# Exercise aim
Quote all lines below exactly. Images stay out.

# Collected data
* * *

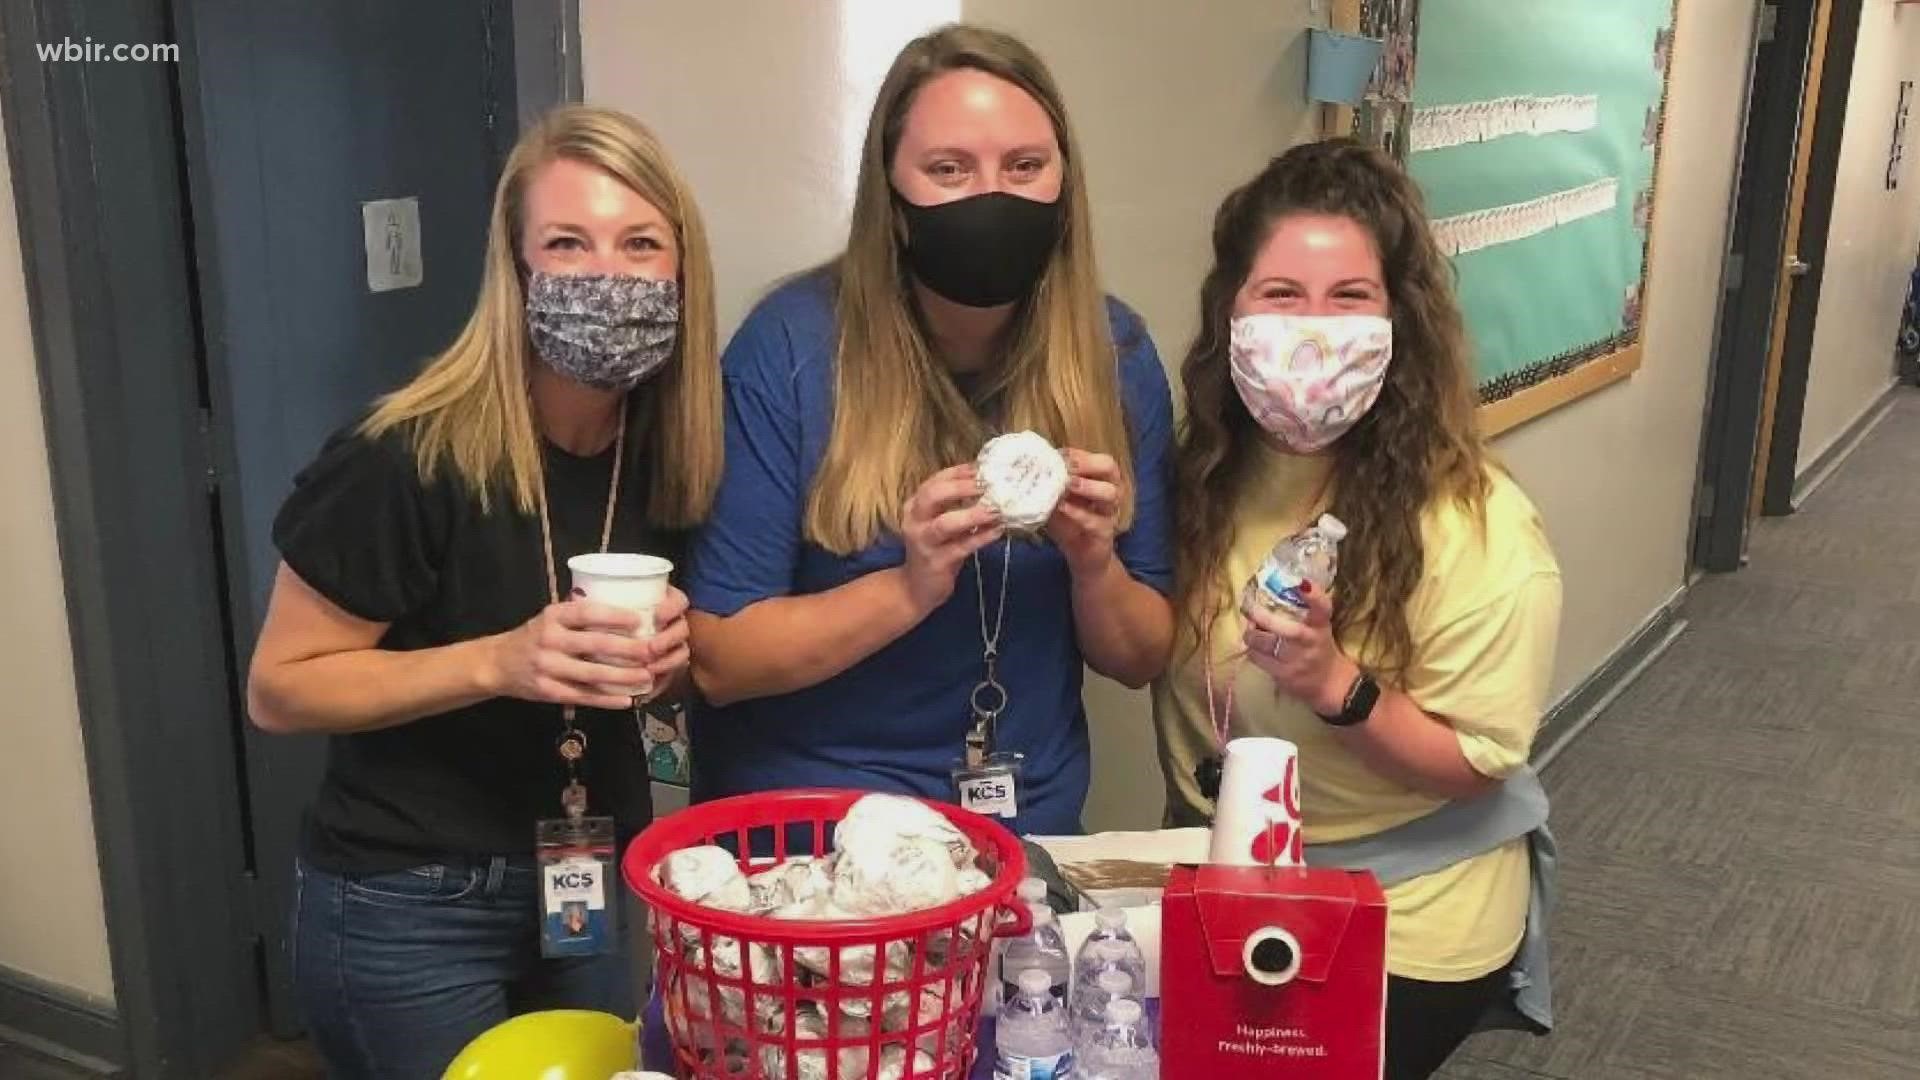 In the face of the mask debate and other challenges tied to the virus, teachers continue to show up day in and day out. Parents wanted to show their thanks.
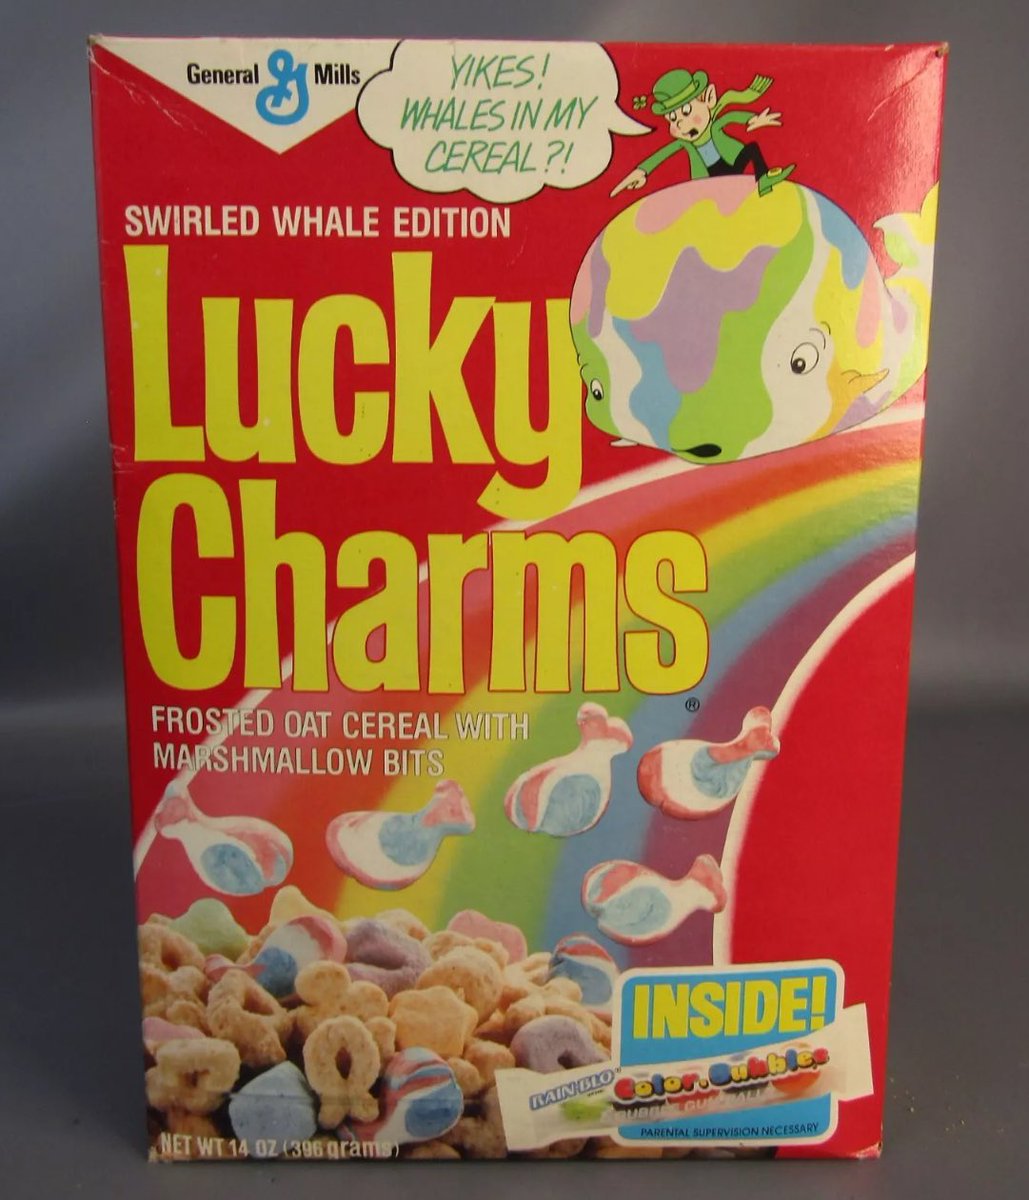 This is an extremely rare 1986 box of “Whale Lucky Charms” with a free pack of Rain-Blo Color Bubbles gum included! This is almost too much for me to handle.
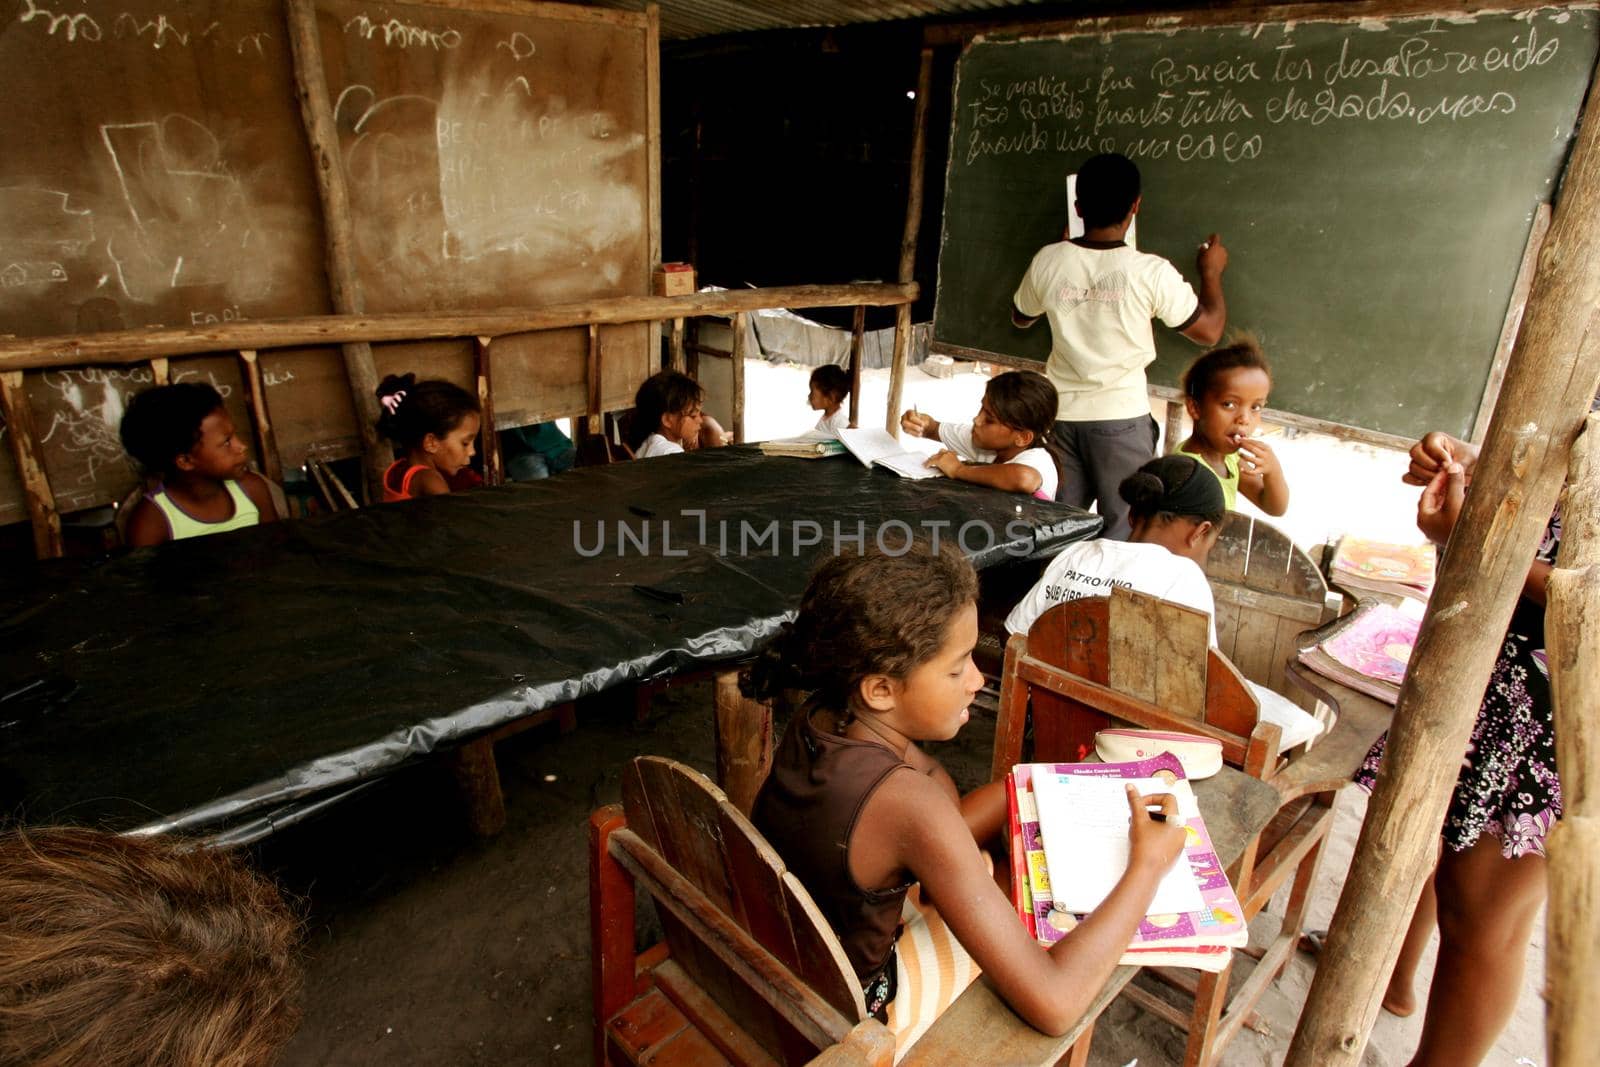 members of the Landless Movement (MST) are seen in a makeshift classroom at a social movement camp along the BR 101 highway in the city of Eunapolis.

* * *

# Written response
 In the face of the mask debate and other challenges tied to the virus, teachers continue to show up day in and day out. Parents wanted to show their thanks.
 This is an extremely rare 1986 box of “Whale Lucky Charms” with a free pack of Rain-Blo Color Bubbles gum included! This is almost too much for me to handle.
 members of the Landless Movement (MST) are seen in a makeshift classroom at a social movement camp along the BR 101 highway in the city of Eunapolis.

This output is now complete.